- Как темно - сказала она.

- Затмение. Говорят, может быть долго.

На пересечении "Проспекта Могущества" с 214-ой авеню "Преимуществ Цивилизации" они застряли на светофоре. Мало того, что сама она была в полдюжины полос и с несколькими ответвлениями, сюда еще тонкой кишкой выходила улочка "Равных Прав Человека", так что в этом месте всегда были какие-то неурядицы: тяжелые пробки, скопления желающих прорваться на зеленый, словом, самое бестолковое место в Городе. Именно здесь чаще всего били друг другу фасады машин.

"Вывели сюда "Равные Права", - подумал Саша, когда их машина в давке едва не налетела на прекрасный "Порш", - глупость придумали и сами получают по физиономии".

Сюзи барабанила пальцами по рулю: светофор не пропустил их в четвертый раз.

- Из деканата пришел меморандум, как учить студентов, - сказала она. - Я думаю, ты будешь недоволен.

- Не ставь на мне крест.

Она пропустила его иронию мимо ушей.

- Твой курс по математическим методам аннулировали за громоздкостью для восприятия.

- Без этого нет социологии!

- Вполне достаточно приблизительных оценок. Кроме того, социологию и биологию вычеркнули из графы "Наука" - это слово пугает студентов.

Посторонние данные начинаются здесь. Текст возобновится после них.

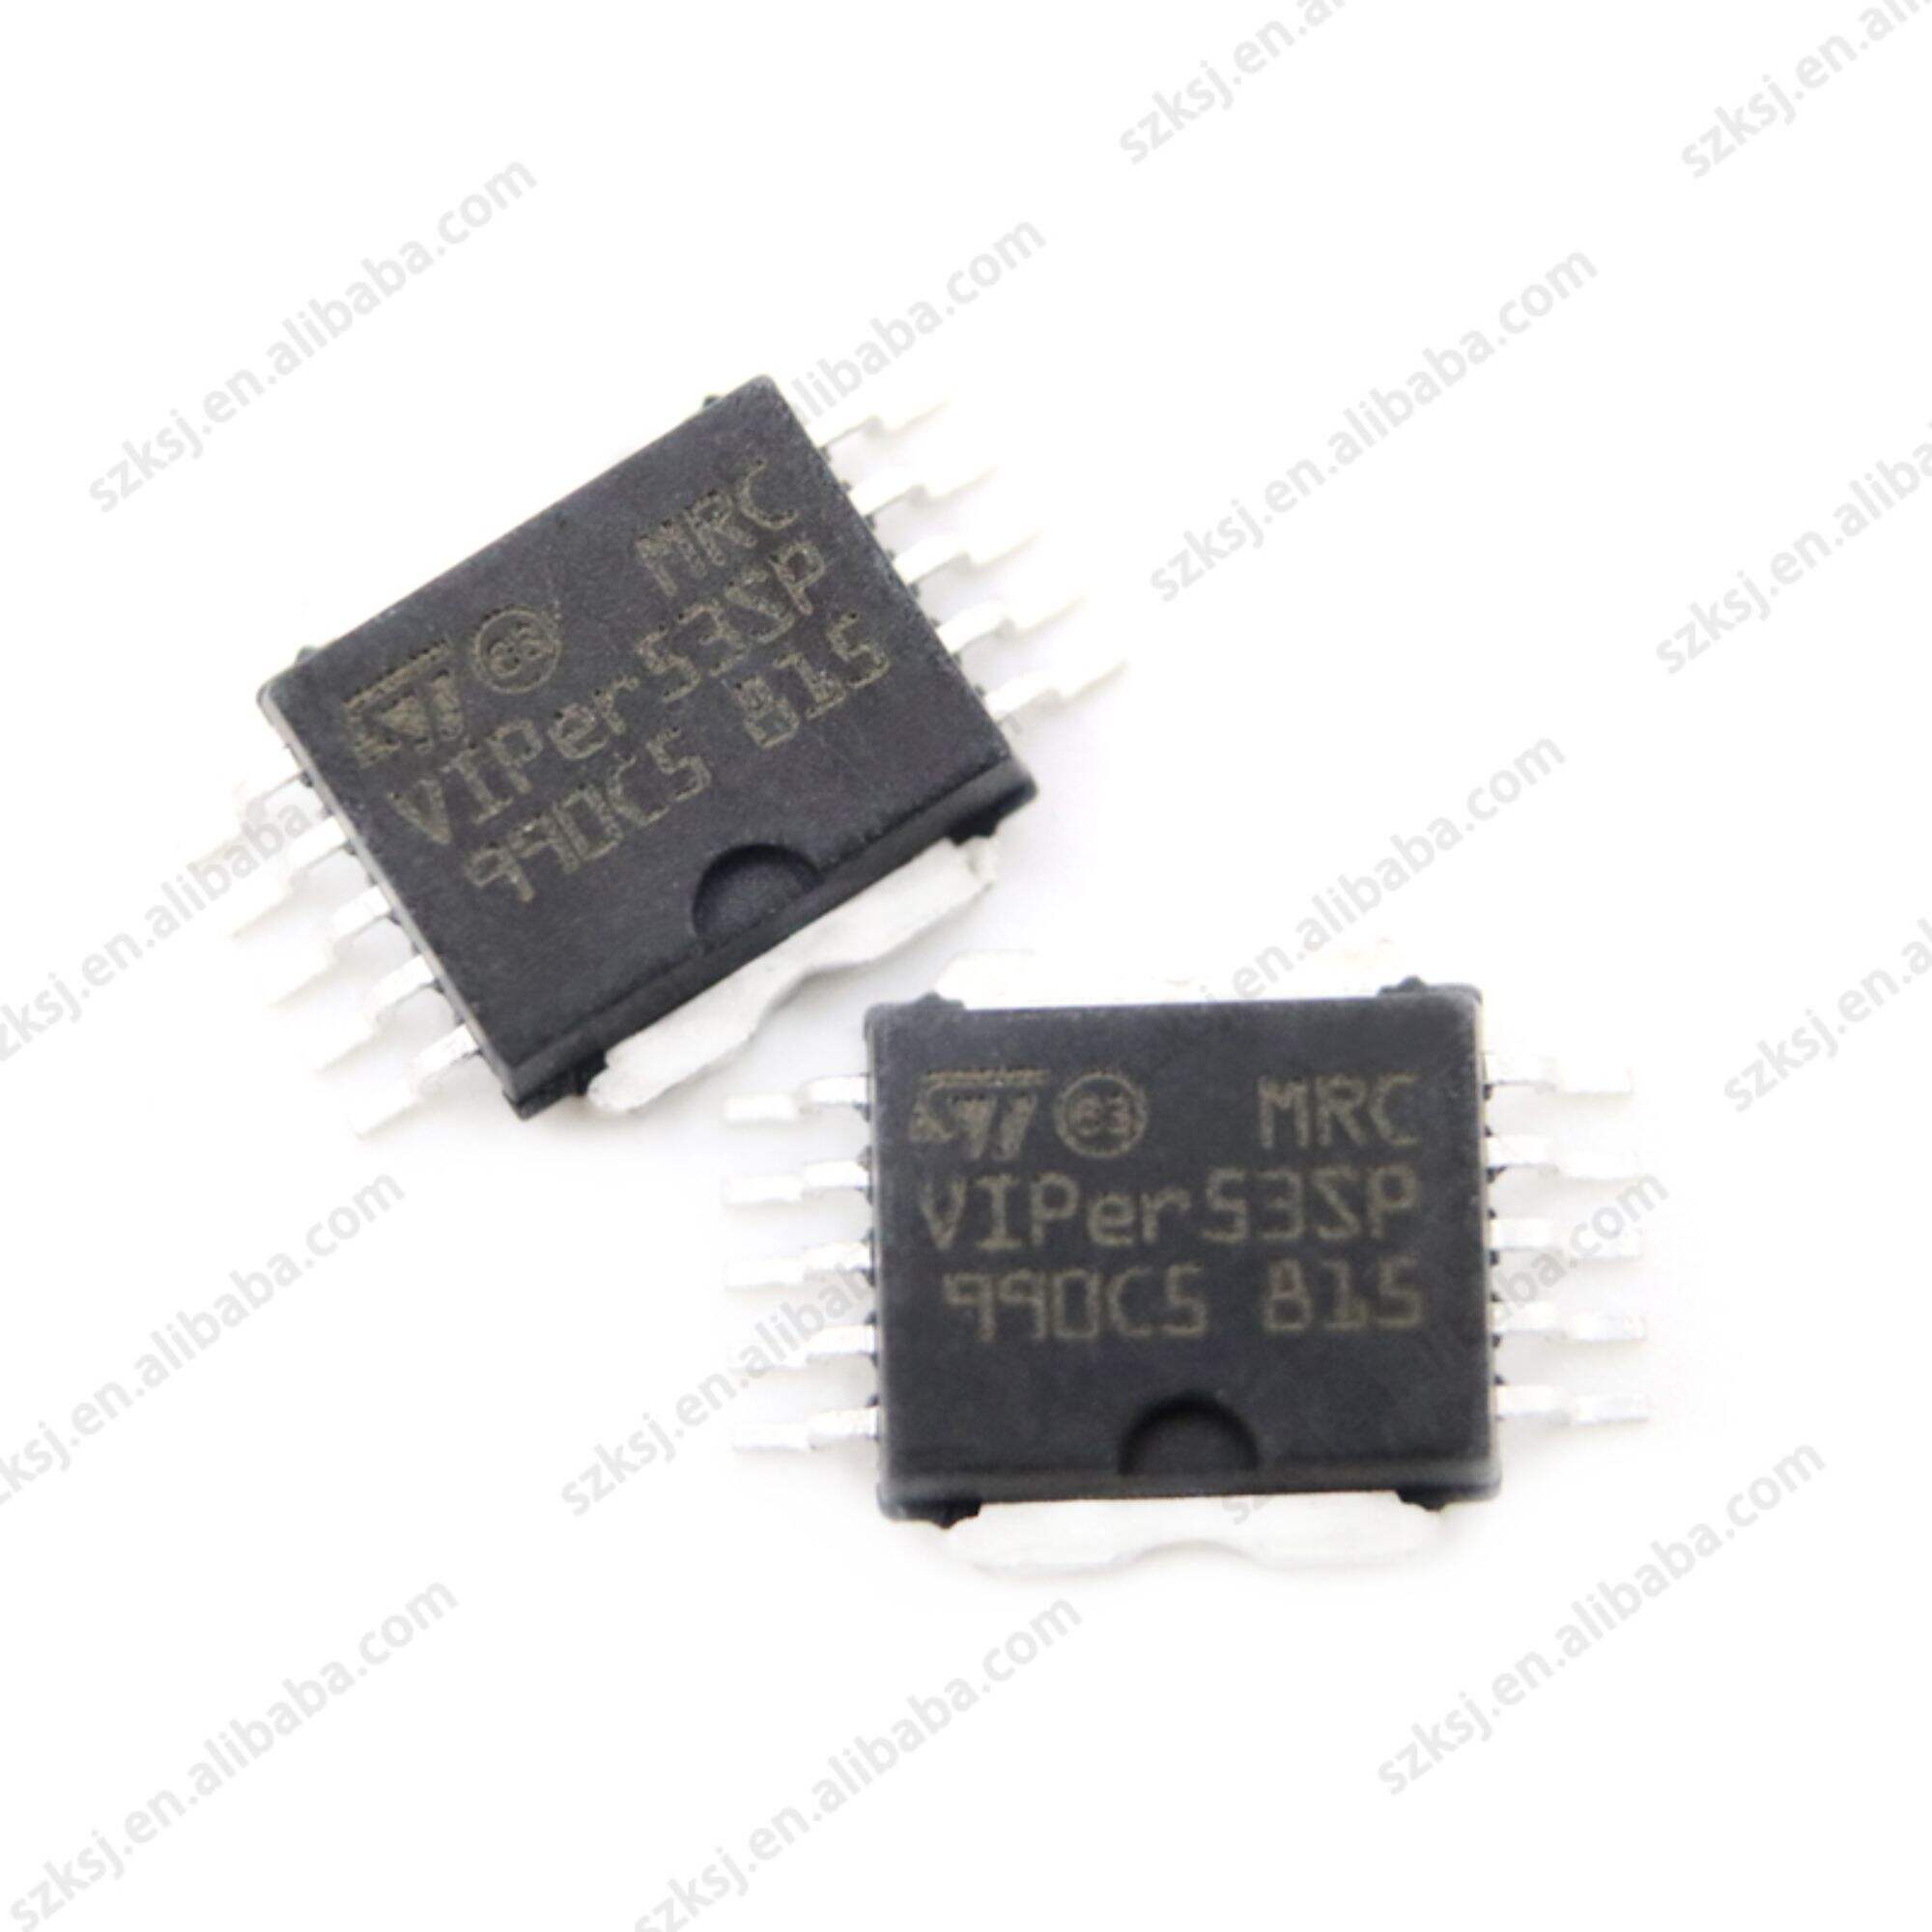 VIPER53SP new original spot automotive chip power switch IC SOP-10 integrated circuit IC

- Что они еще придумали? - выдавил он.

- Новую идею обучения: "Пусть учеба станет кайфом!" В три раза уменьшили количество предметов, теперь для изучения - один предмет в семестр. В два раза увеличили каникулы. Теперь нельзя звать студента к доске - он может не знать ответ, и это поставит его в невыгодное положение перед классом. Студенты будут сами выбирать себе преподавателей и раз в месяц ставить им оценки по шкале: "кайф - не кайф". Но тебе хорошей оценки не получить, потому что в тебе нет кайфа...

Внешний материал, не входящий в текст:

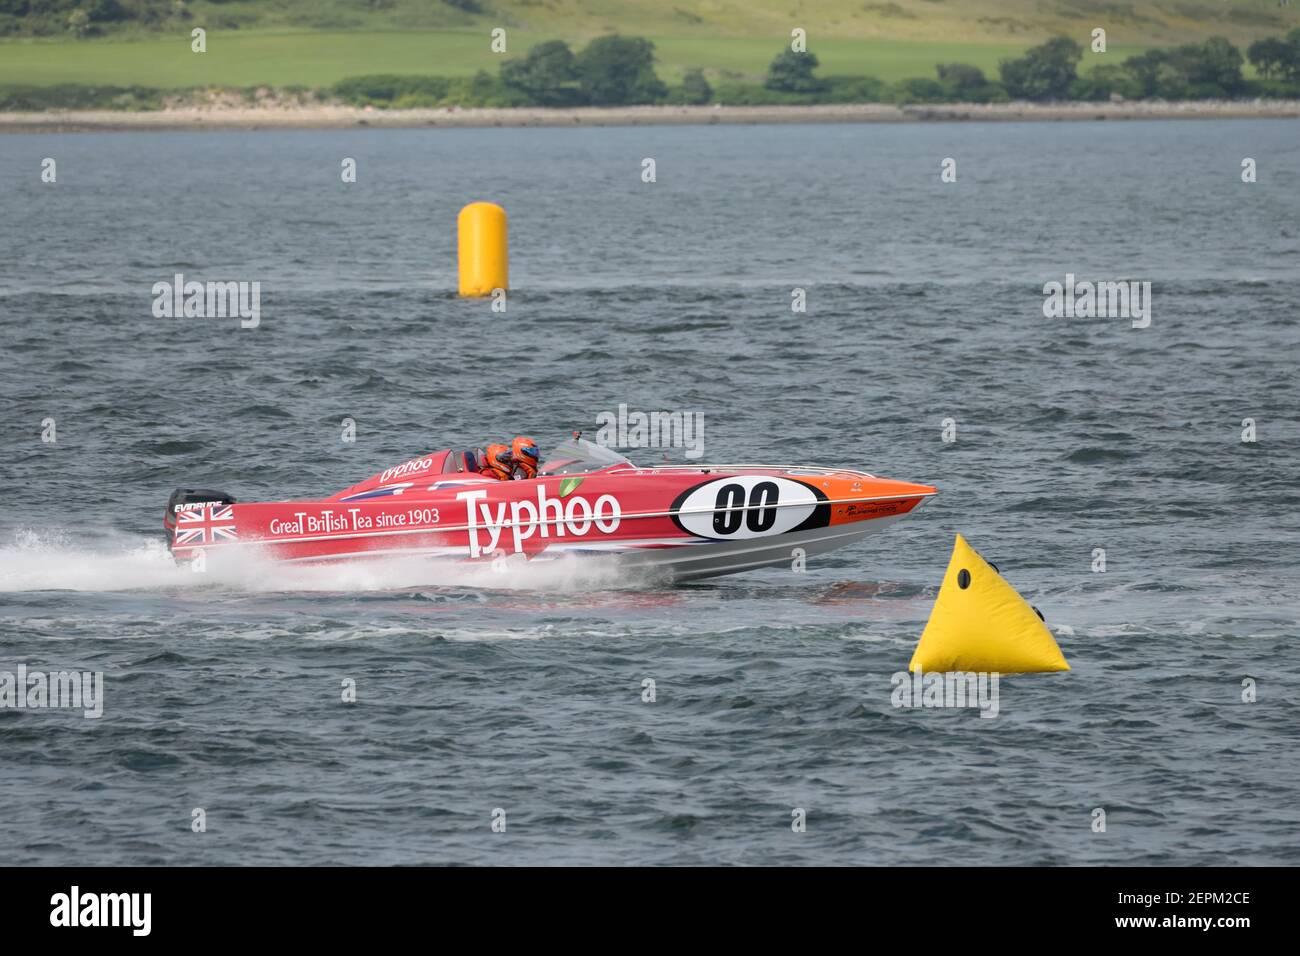 P1 Superstock powerboat racing. With Kevin Hunt steering 00 Ty-phoo at Greenock, Scotland, UK Stock Photo

Саша не услышал ее последней фразы. Он думал о том, что останется от его университетской полставки. Акции, конечно, принесут деньги, но бросить науку он не хотел. Еще бюро...

- А кто заказал наш обзор об эликсире?

- Клуб, - ответила Сюзи, и на Сашу навалился весь вчерашний день с его нерешенными проблемами.

Она перешла в правый ряд и почему-то поехала медленно, стараясь держаться далеко от других машин.

- Говорят, "Веч.Бес" не сможет обеспечить всех биомассой, - сказала она, - тебе эликсир достанет Грег. У меня все на мази.

Саша заметил, что в отличие от Грега и Кэти, Сюзи сама заговорила на эту тему, поэтому, он без обиняков спросил:

- Как тебе нравится поедание эмбрионов?

- Ты опять недоволен? Собрались компетентные люди: судьи, члены Правительства, врачи и приняли закон о человеческом материале.

- А что говорит твой внутренний закон?

- То же, что и внешний: что не запрещено, то можно. Человек должен руководствоваться законами, а не понятиями.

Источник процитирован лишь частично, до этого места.